Some 75 per cent of respondents point to talent gap as a challenge for Hong Kong’s wealth management industry, government council says. Hong Kong’s proximity to mainland market to underpin its future growth as the rank of super-rich Chinese swells, survey shows
Hong Kong has the second largest number of billionaires in the world and the most millionaires in the region. For all the US$3.25 trillion of investable wealth, though, the pool of money managers and investment advisers is not growing fast enough.
The talent gap is among the biggest challenges facing the city in the private wealth management industry, according to a survey conducted by the Financial Services Development Council, a government-funded body tasked with promoting the sector.
The view was expressed by 75 per cent of 250 private bankers and wealth managers it surveyed from November 11 to 26 last year, and published last week. Hong Kong had 7,604 staff in the sector in 2018, including 2,711 in customer-facing roles, the council said, citing data from the Securities and Futures Commission.

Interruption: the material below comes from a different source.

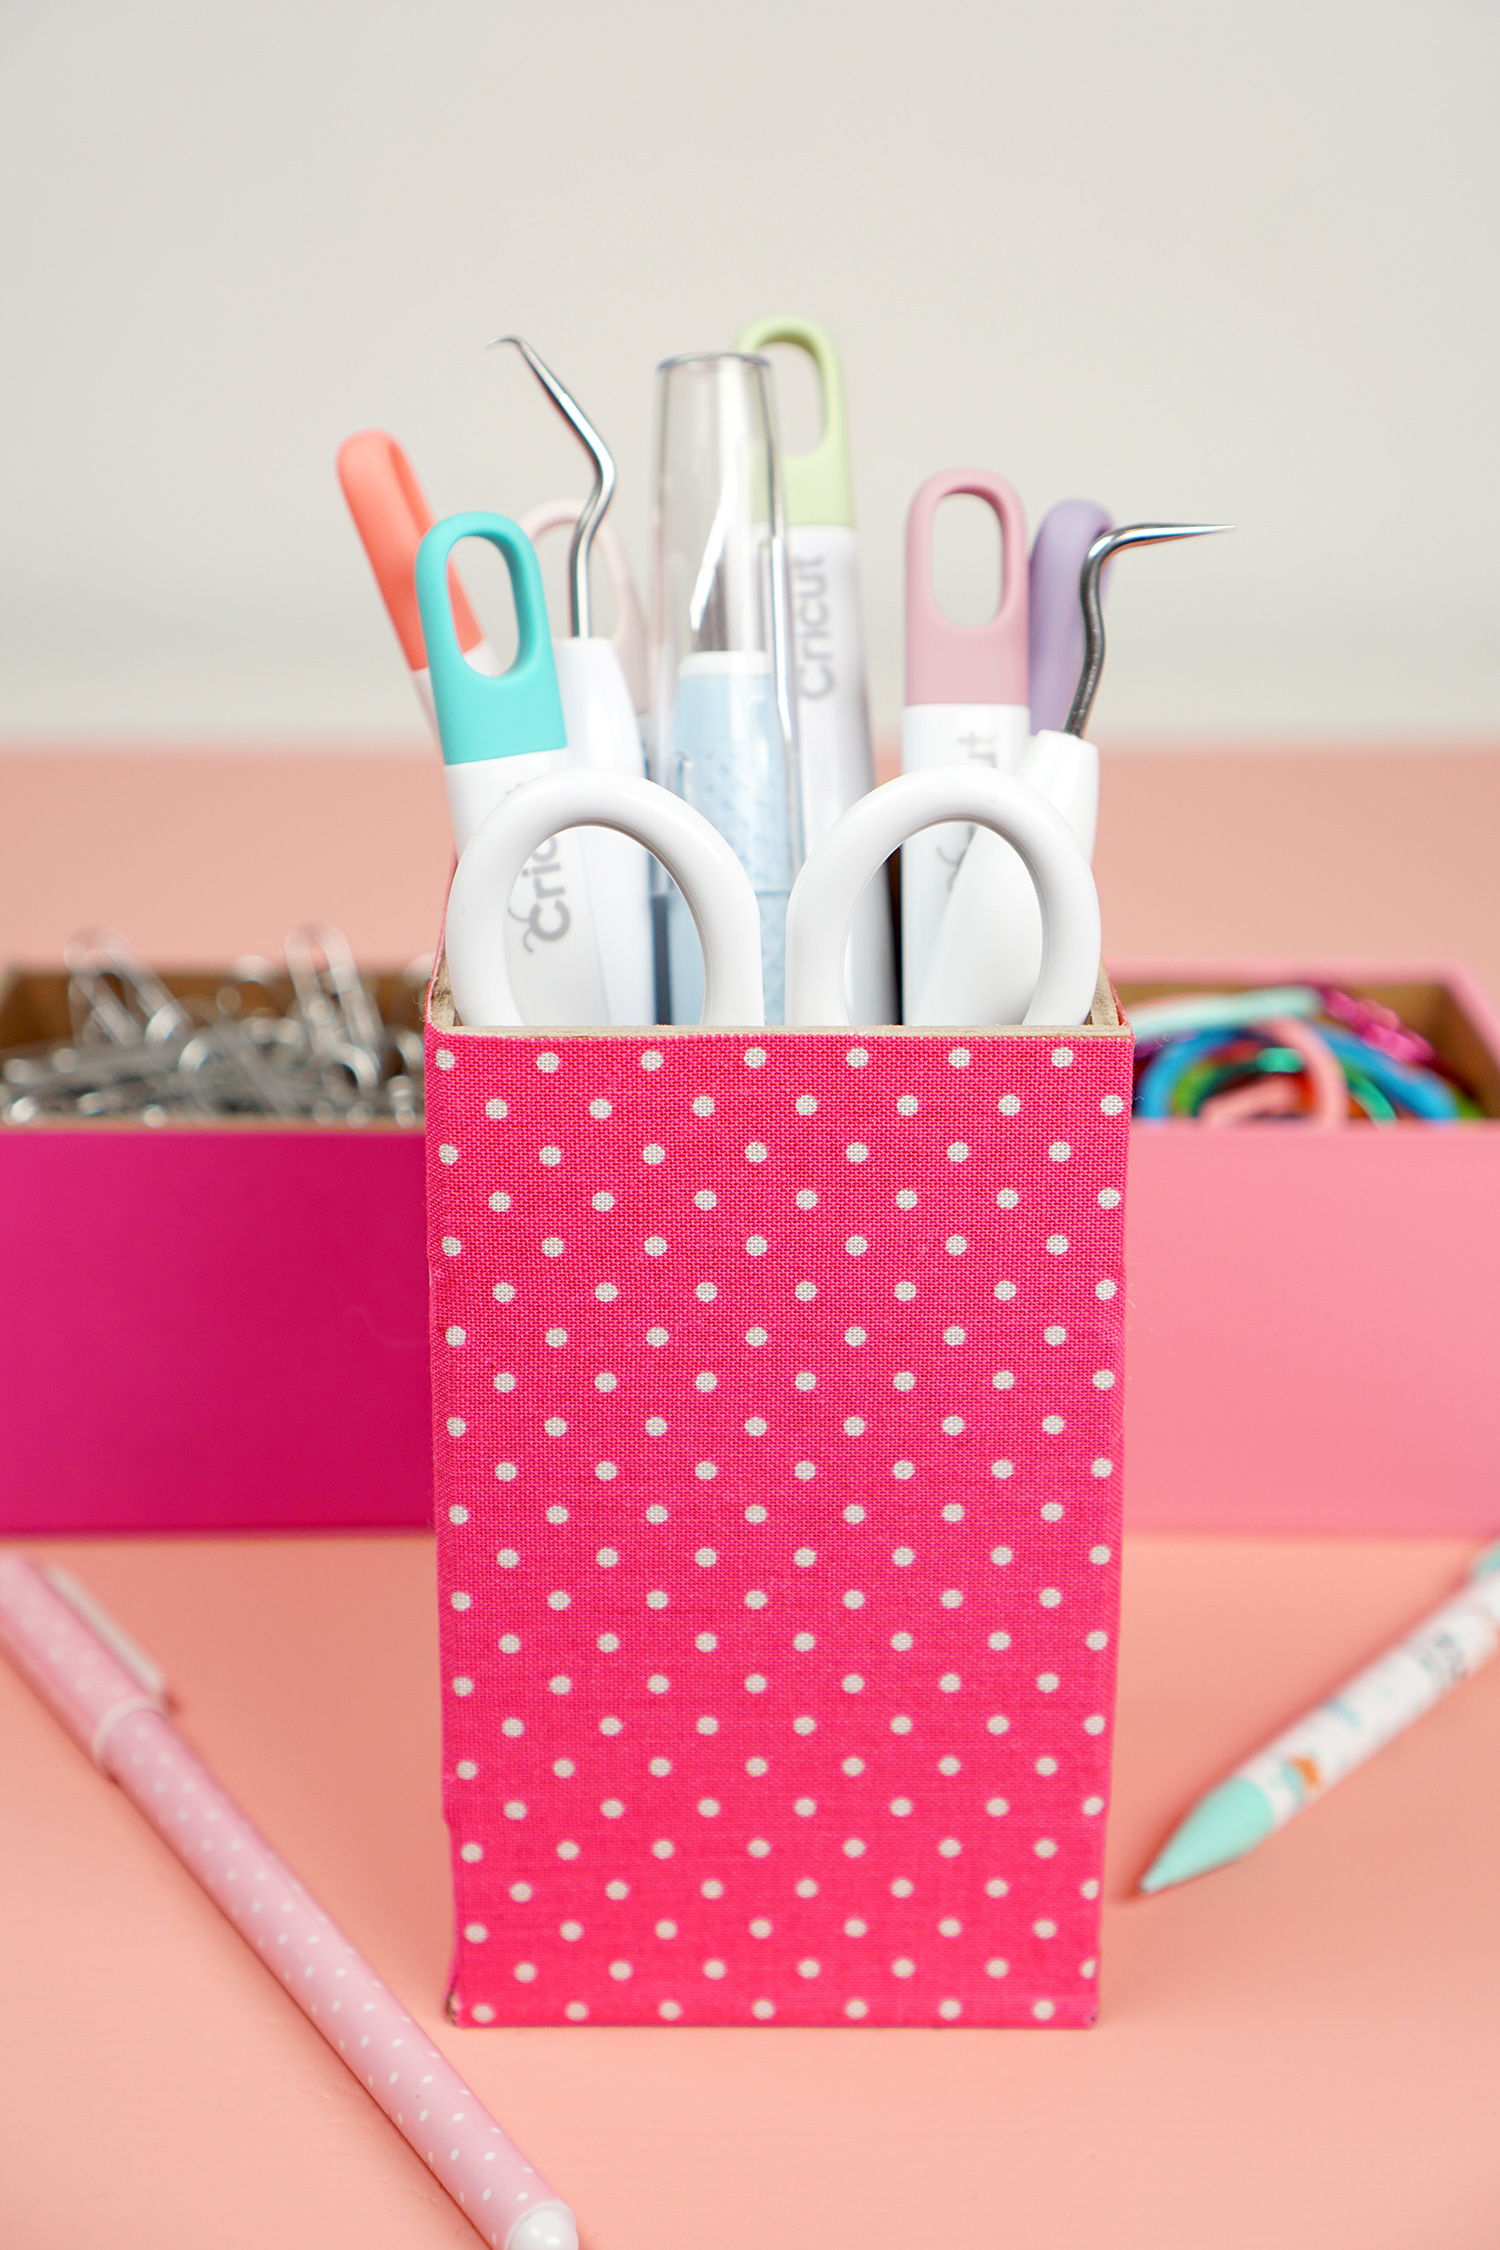 cute pink polka dot desk organizer with tools

The shortage could become more acute in the coming years “given the evolving trends, and technological and regulatory contexts globally, the council said, reflecting the view of other industry participants. Anti-government protests and the coronavirus epidemic could also add the problem in the short-term.
“The social unrest has led some bankers to migrate to other countries including Singapore,” said Jerry Chang, managing director at Barons & Co, a recruiting firm. “In addition, the Covid-19 outbreak could temporarily affect Hong Kong’s ability to attract new talents.”
There was US$3.25 trillion of investable wealth sloshing in Hong Kong in 2018, with US$1.3 trillion coming from cross-border sources, according to the council’s report that cited third-party market statistics. That compares with US$1.67 trillion and $1 trillion respectively for Singapore.
The global population of high-net-worth individuals, or those with at least US$1 million of investable assets, is forecast to swell to US$91 trillion by 2023 from US$70 trillion in 2018, according to a joint report by Deutsche Bank and Oliver Wymann published in May last year.
There were more than 153,000 millionaires owning US$778 billion of wealth in Hong Kong, compared with about 125,000 with US$625 billion in Singapore, based on a CapGemini survey, the council said in its report.
“Impact of the outbreak, whilst keenly felt by us everyday, is necessarily short-term,” council chairman Laurence Li Lu-jen said by phone last week. While the talent gap is obvious in such functions as portfolio managers and investment specialists and compliance officers, Li did quantify the number needed to support the industry.
Hong Kong’s geographical proximity to mainland China will help the city retain its edge against other aspiring hubs, according to Claude Haberer, Asia chairman for the Swiss private bank Pictet. There has been no noticeable departure of talents from the city, he added.
“Finding good talent is always a challenge for our industry but the virus outbreak has not exacerbated the problem,” Haberer said. “Hong Kong people have shown that they are well-prepared, probably because of their experience with Sars” [severe acute respiratory syndrome] in 2003, he added.
Barons’s Chang said any short-term pressures in Hong Kong should not change the overall employment market for its opportunities in China, and the city’s advantages in an established legal structures, low tax rates and free and efficient financial market.
The potential establishment of a cross-boundary wealth management scheme involving Guangdong, Macau and Hong Kong within the Greater Bay Area blueprint “will be a catalyst to the further development of the wealth management industry”, the council said in its report.
The southern Guangdong province is the second-richest in China, based on 160,000 households in 2019 owning more than RMB10million of investable assets, according to a Hurun Report.
Most of the respondents in the FSDC survey were optimistic in their longer-term view of Hong Kong’s position in the industry, despite the fact that the survey was conducted at the peak of anti-government protests.
Forty-five per cent cited the availability of a wide range of investment products among the positives, while 34 per cent favoured the city for the access to mainland financial market – via stock and bond connect schemes.
“Hong Kong has always come back after every crisis,” Pictet’s Haberer said. “The outbreak may affect the city for a short while but it will not be forever. I still consider Hong Kong as a very good place to do business as it is convenient. It is close to mainland China and other parts of Asia.”